Led by the SNS [2] since 2012, but participating in government since the 2000s, the ruling party is one of the main architects of the transition to neoliberalism and privatisation that followed the collapse of the Federal Republic of Yugoslavia.

The student mobilization that began in November 2024 was met with resistance from an authoritarian regime that controlled the country’s media, relied on the support of local parties representing national minorities, and employed entrenched corruption mechanisms. In a country where a significant portion of the workforce is employed directly or indirectly by the state, membership in President Aleksandar Vučić’s party and attendance at its rallies are mandatory for access to employment and housing, as well as for maintaining one’s position in the public sector.

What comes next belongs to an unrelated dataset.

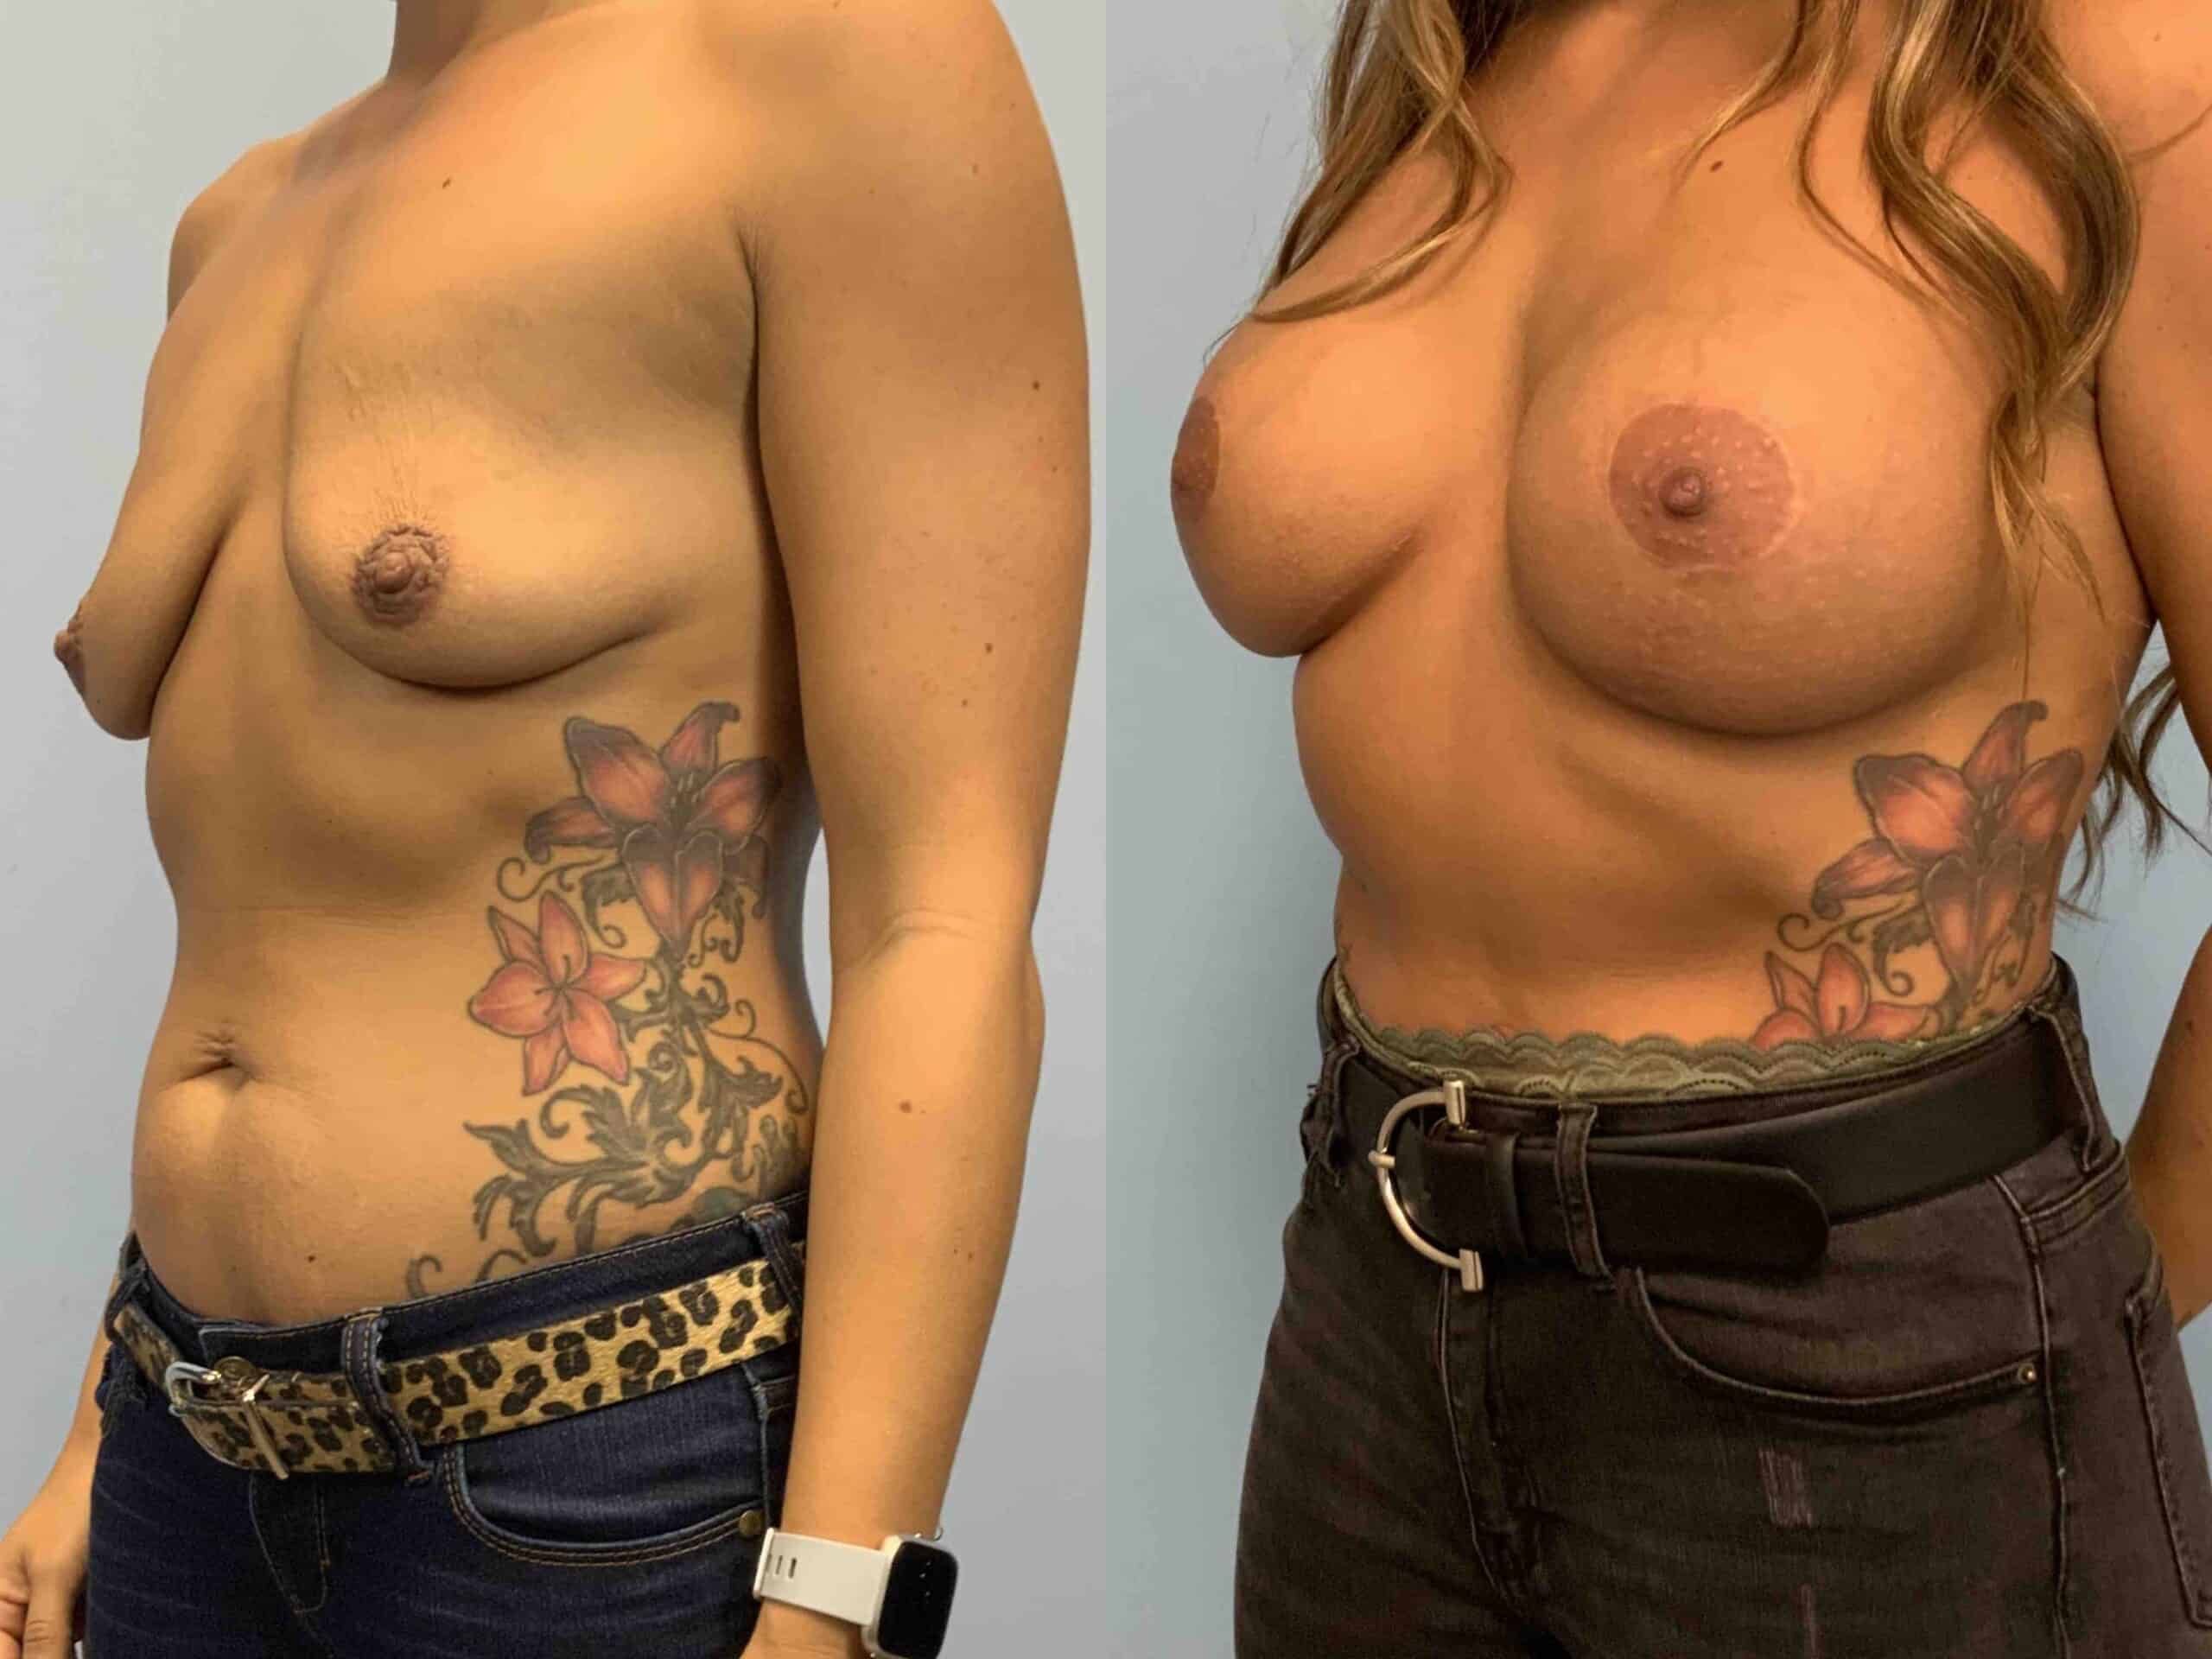 Before and after, 1 yr post op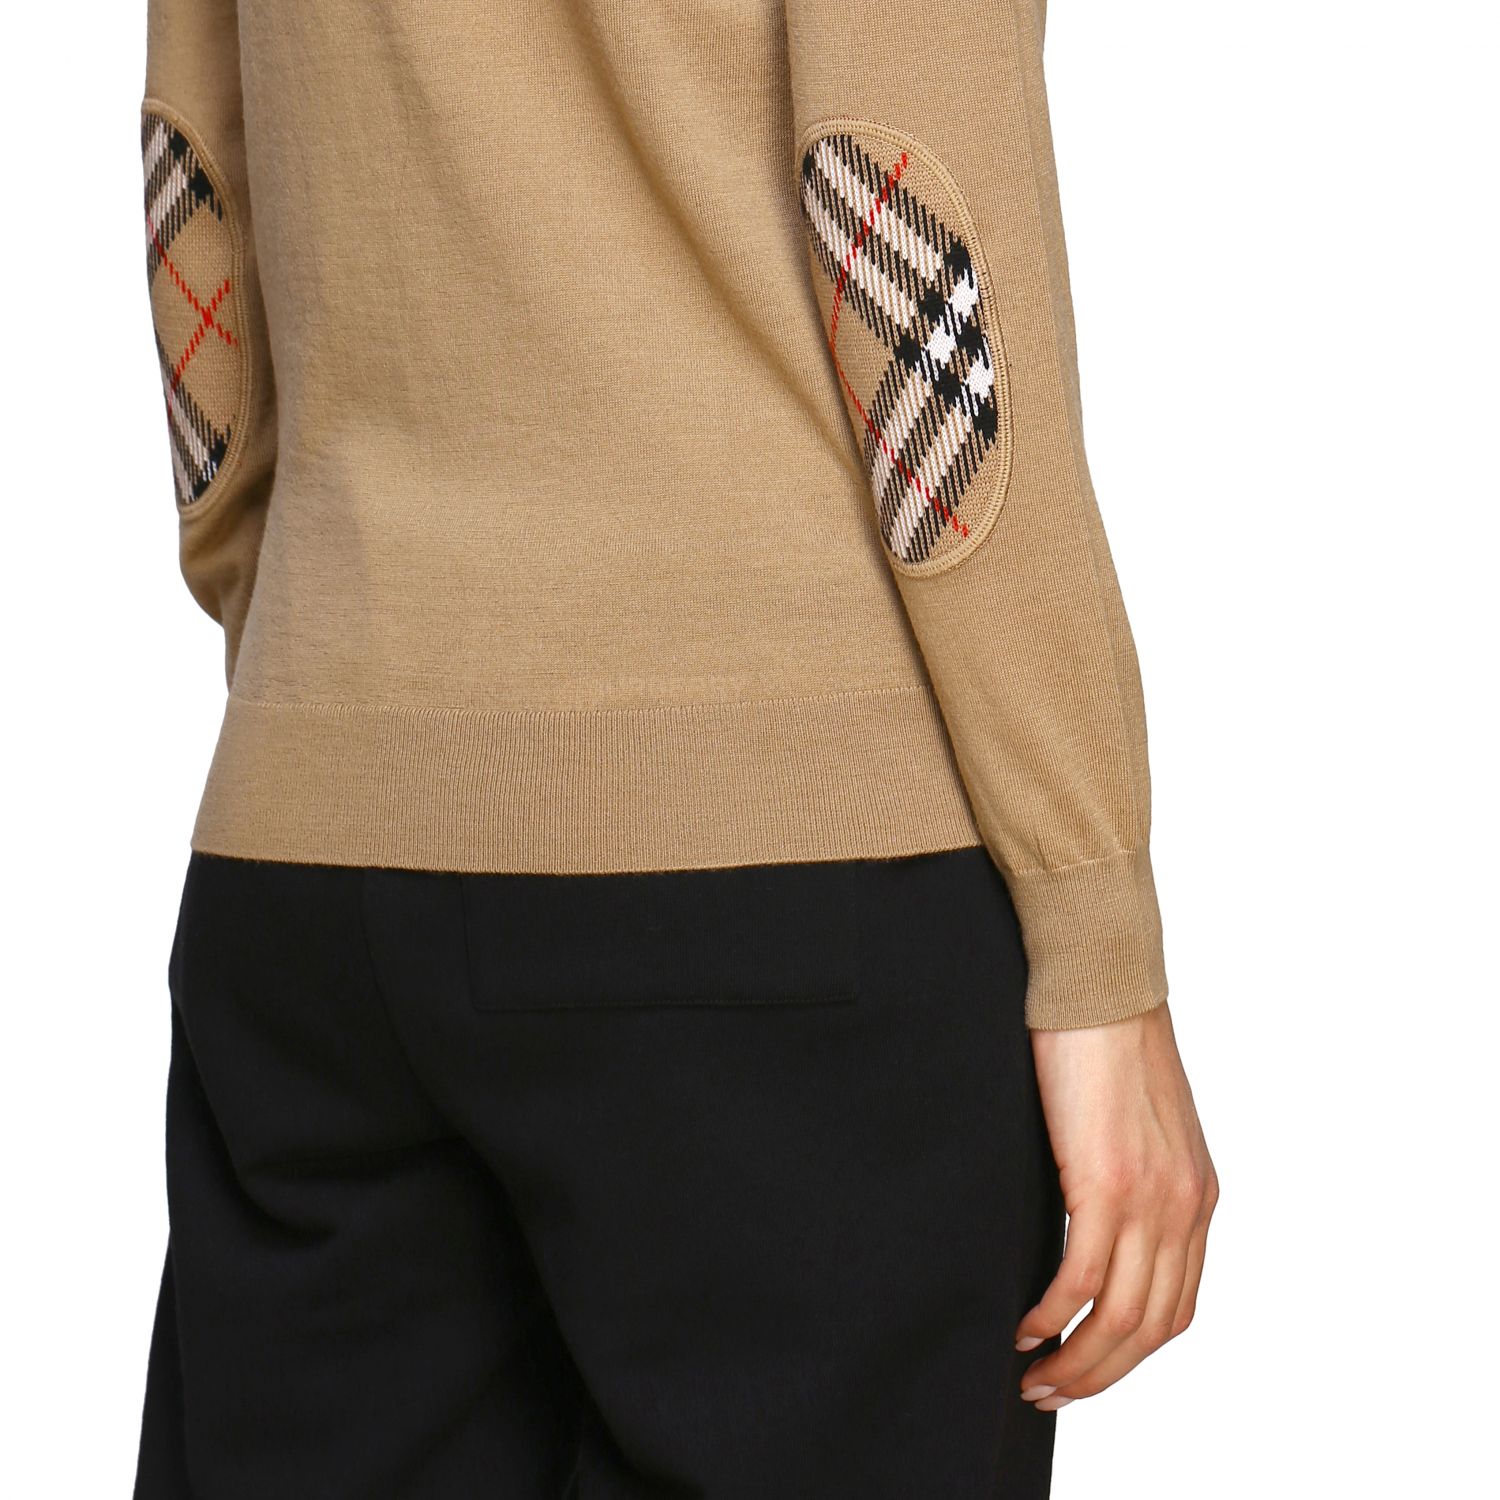 Burberry Womens Sweater in Beige - Save 20% Brown Womens Jumpers and knitwear Burberry Jumpers and knitwear

Anti-regime protests have become a near-daily fact of life in Serbia since 2016, when masked men demolished buildings overnight in Belgrade’s Savamala district to clear ground for the “Belgrade Waterfront,” a flagship development project tightly linked to the ruling Serbian Progressive Party (SNS). That event symbolized the impunity and collusion between politics and business that now defines the system. [3].

Since then, waves of mobilization against the government have occurred periodically. In 2019, and again in 2023, students protested against electoral fraud. However, while Vučić called for early elections in 2023, he now refuses, faced with the tenacity of the student movement and the popular support it enjoys in the country. This reflects the regime’s fear of losing popularity, exacerbated by the deterioration of public services and the difficulties in envisioning a socio-economic future for Serbia. Ranked ninth in the world for population loss, Serbia faces a constant wave of emigration, also fueled by agreements signed with Germany that open the borders to unskilled workers and healthcare professionals. If a country that loses its youth is a country without a future, it is precisely this youth that has burst onto the political scene today to challenge this history written without them.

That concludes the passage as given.